[openal] Building with MinGW...?

Chris Robinson chris.kcat at gmail.com
Sat May 31 00:42:14 EDT 2014


On 05/30/2014 09:19 PM, Mark Sibly wrote:
> Thanks Chris, using mingw-w64 did the trick. I almost had it going with
> mingw-w32, but ran into dsound.h issues so gave up. mingw-w64 also fixed
> some problems I was having with missing c++11 std features...

Cool :)

> Quick question re: mingw-64 though: when I installed it, it had a combo box
> for 'architecture' - i686 or x86_64.
>
> What do they mean here exactly? Is this what the 64 compilers can 'build'
> for? I selected i686, so does that mean I'm running 64bit compilers that
> generate 32bit exes?
 >
 > If so, I take it this is correct for OpenAL32?
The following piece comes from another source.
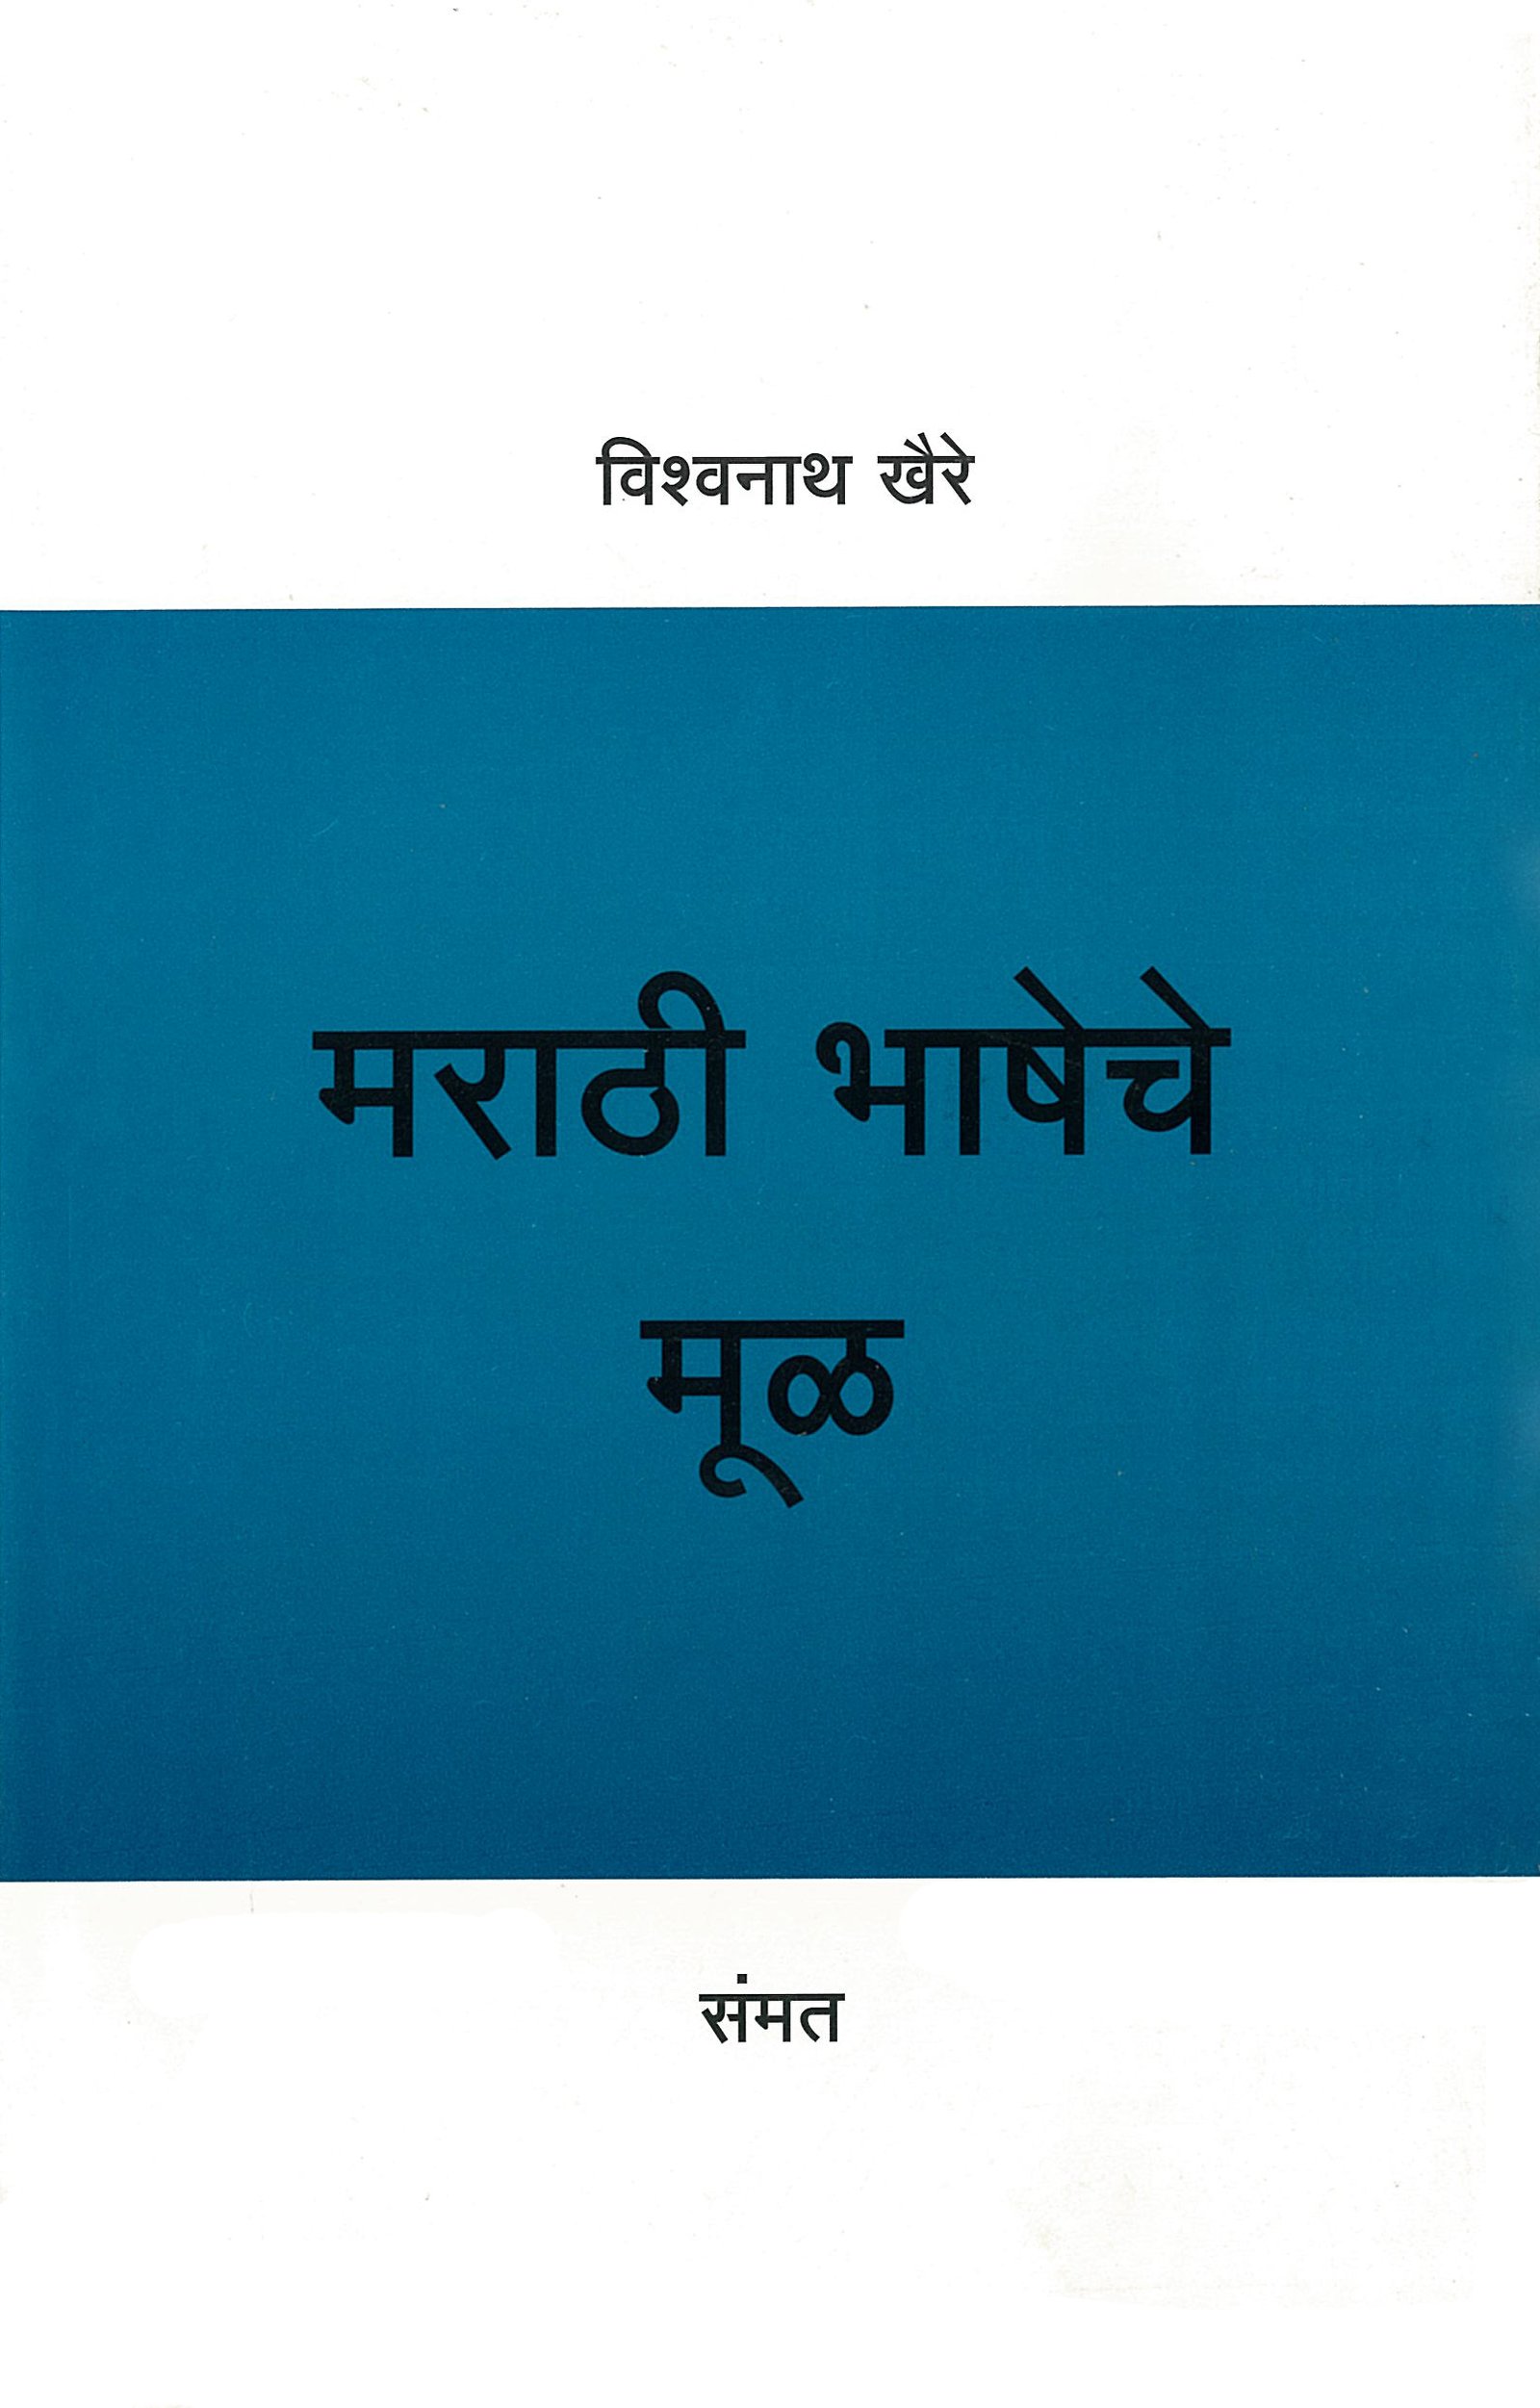 Marathi Bhasheche mul
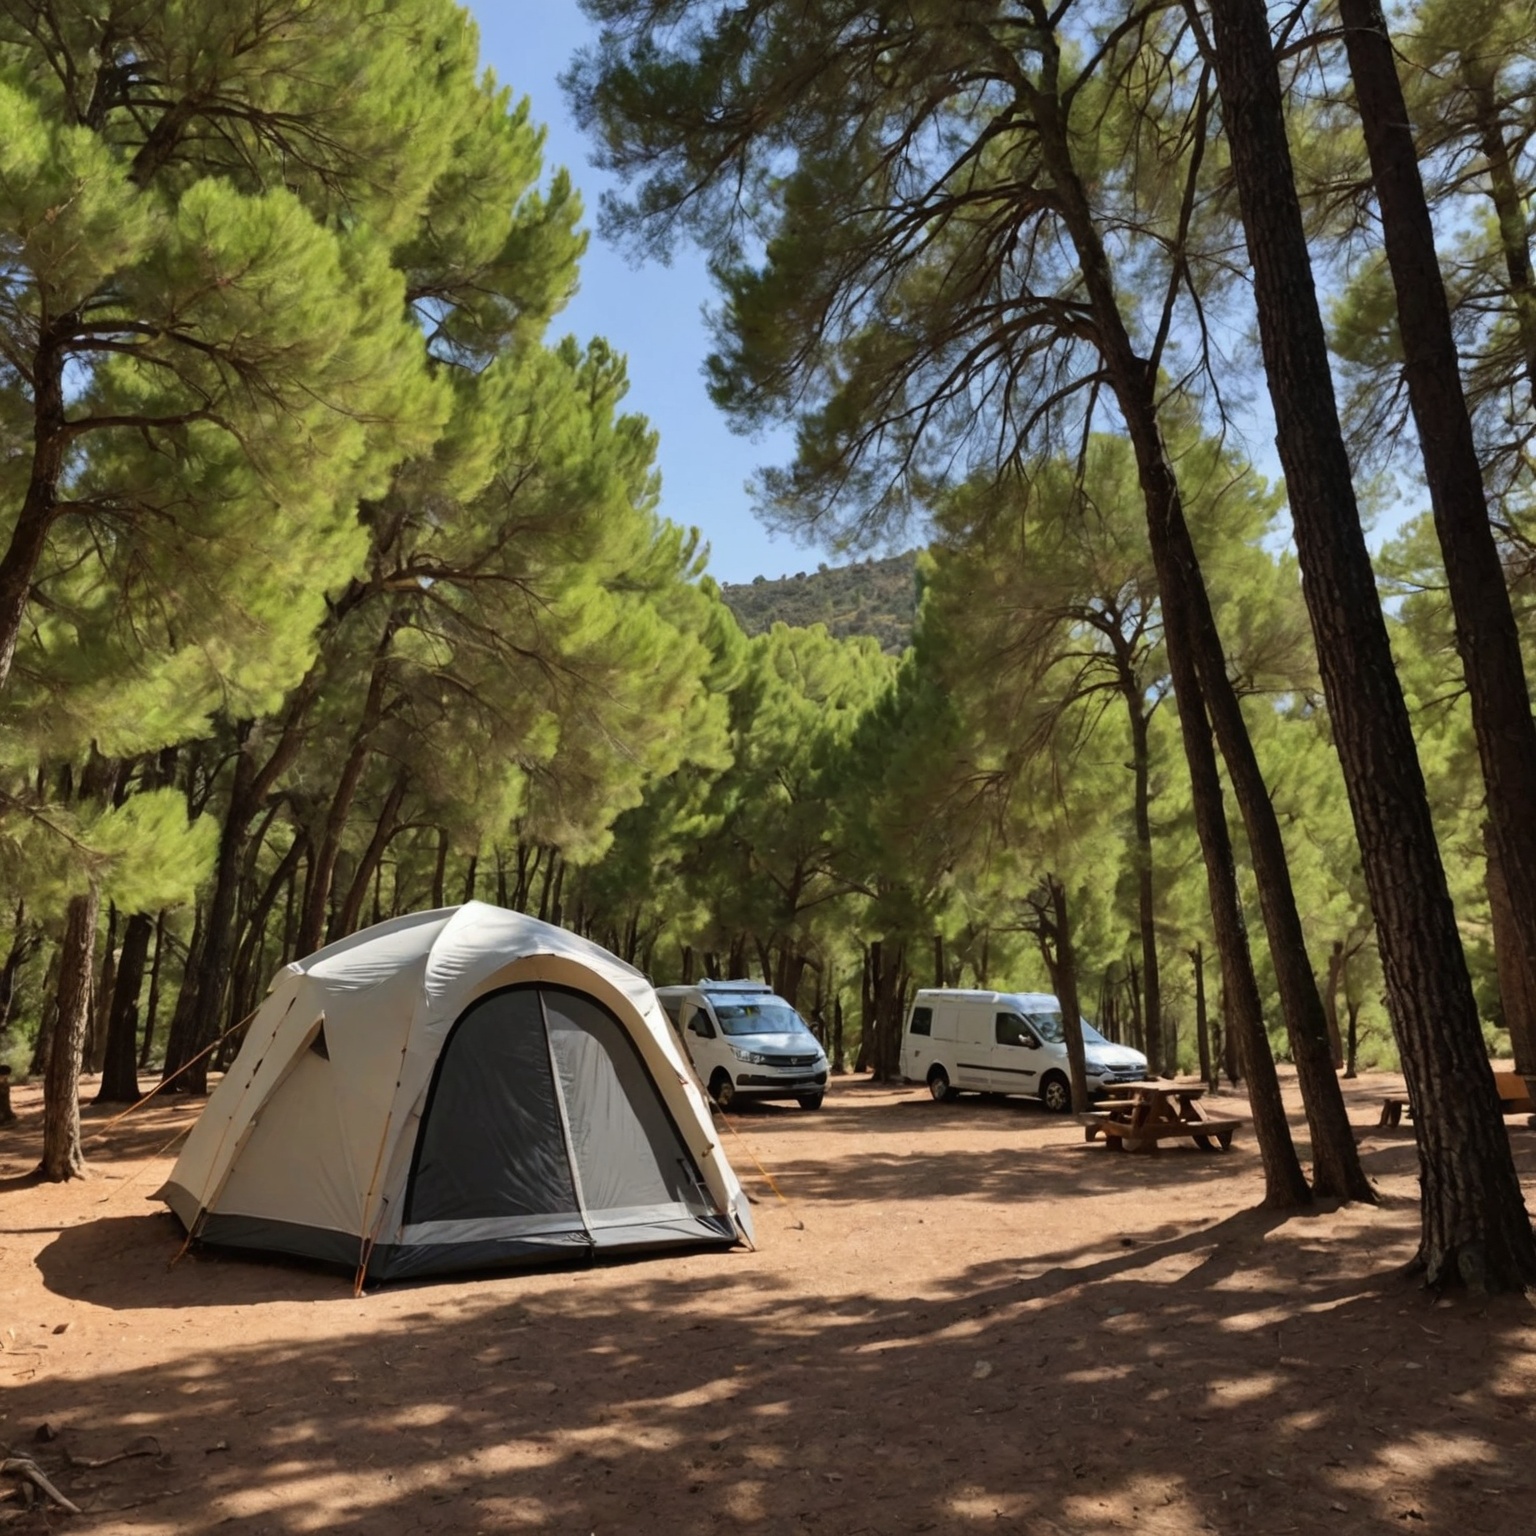 Découvrez le Charme Unique du Camping Campasun Aups dans le Var: Votre Guide pour une Évasion Nature Inoubliable

i686 is for creating 32-bit libs and apps, and x86_64 is for creating 
64-bit libs and apps. Which one to use depends on what you're building 
for... 64-bit has some advantages with CPU capabilities and has a lot of 
address space, but requires a 64-bit OS. 32-bit is limited to a 4GB 
address space per process, but will run on 32-bit and 64-bit OSs (you'll 
also need to pass in extra cflags to properly enable SSE and such for 
the things you build).

OpenAL Soft will build as 32-bit or 64-bit, but it needs to be the same 
as the app it's used for (i.e. a 32-bit dll with a 32-bit exe, or a 
64-bit dll with a 64-bit exe; you can't use a 32-bit dll with a 64-bit 
exe or a 64-bit dll with a 32-bit exe even on a 64-bit OS).

Note that the 64-bit dll will be called OpenAL32.dll just like the 
32-bit dll, because that is what Creative used for its 64-bit drivers 
for some reason and OpenAL Soft follows that for compatibility purposes.